How to create an $n$-qubit normally controlled gate?

Question

Suppose I have a quantum gate $U$ and it's a controlled gate. In particular, I have a $2\times 2$ matrix formulation of the gate's action on 2 adjacent qubits.

How can I make this work on an $n$-bit system?

To explain precisely what I mean, if I wanted to implement a controlled $U$ gate on a 3 qubit system where the first 2 bits have the $U$ acting on them and the third qubit is kept the same, I would get the corresponding matrix by working out $U\otimes I$. However, I could not do any similar product to get the gate on 3 qubits in which the first bit is "controlled", the second bit is kept the same and the third bit has $U$ acting on it.

So how do I make the matrix which allows me to "control" the $m$th bit and use $U$ conditionally on the $n$th bit out of a bunch of $k$ qubits?

Answer 1

$U$ actually means the 4 by 4 matrix acting on both the control and the affected qubits. You are mixing up this $U$ with the 2 by 2 block inside it. To avoid that from now on, just take $U$ to be the 4 by 4 one.

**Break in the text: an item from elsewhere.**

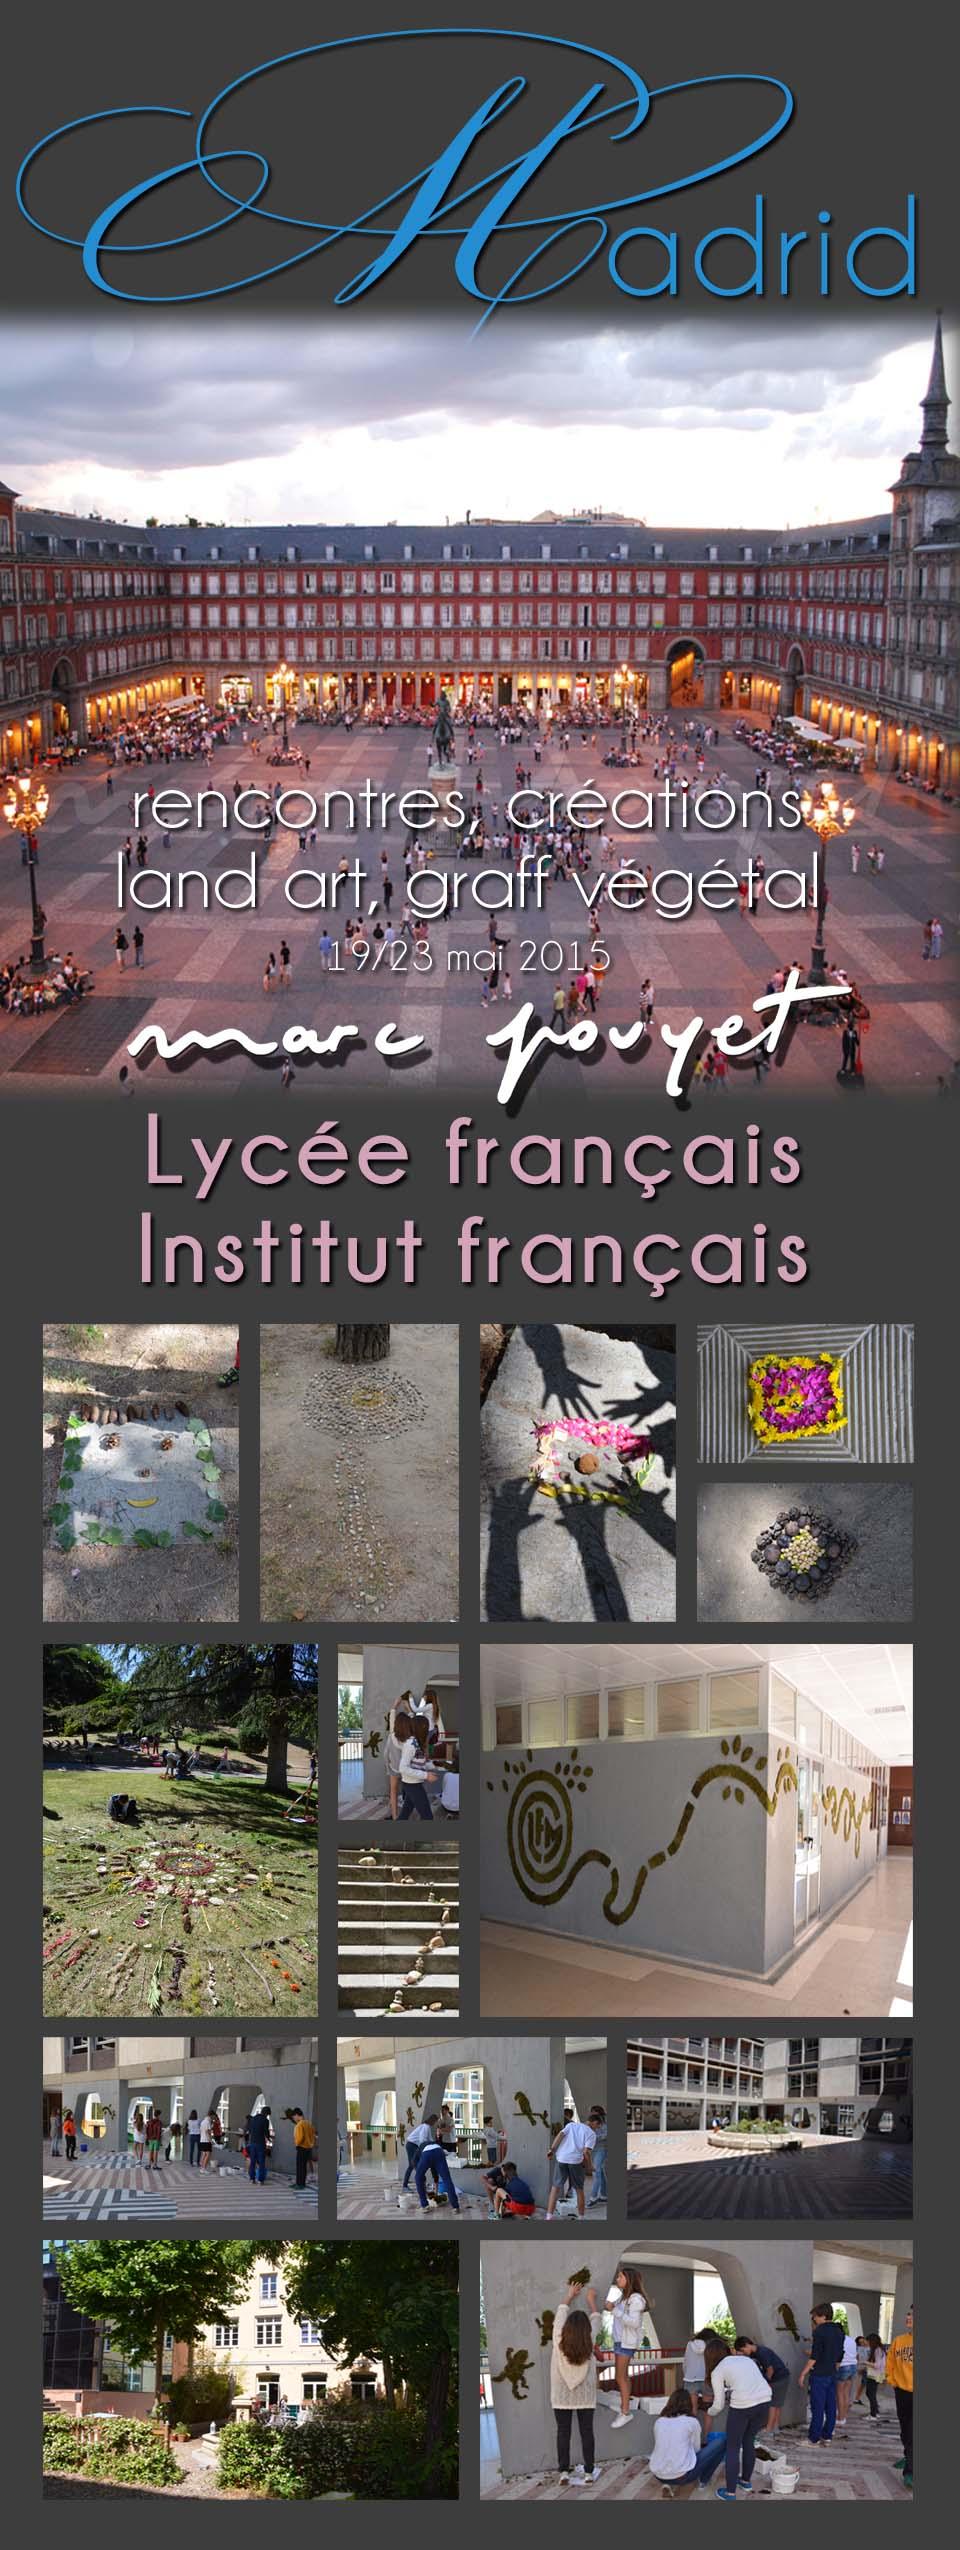 LYCEE FRANCAIS INSTITUT

Now that that is clarified. Rearrange things with a swap.

So if the first is control and third is acted on you should do:

$$ (I_2 \otimes S) (U \otimes I_2) (I_2 \otimes S) $$

where $S$ is a 4 by 4 unitary matrix that swaps two qubits. By it's positioning in $I_2 \otimes S$ it is acting on qubits 2 and 3 in this case.

$$ \begin{pmatrix} 1&0&0&0\\ 0&0&1&0\\ 0&1&0&0\\ 0&0&0&1\\ \end{pmatrix} $$

$(U \otimes I_2)$ had the first as control and the second affected. By conjugating by this swap we changed the roles of second and third qubit. So the combined result has the first as control and the third affected.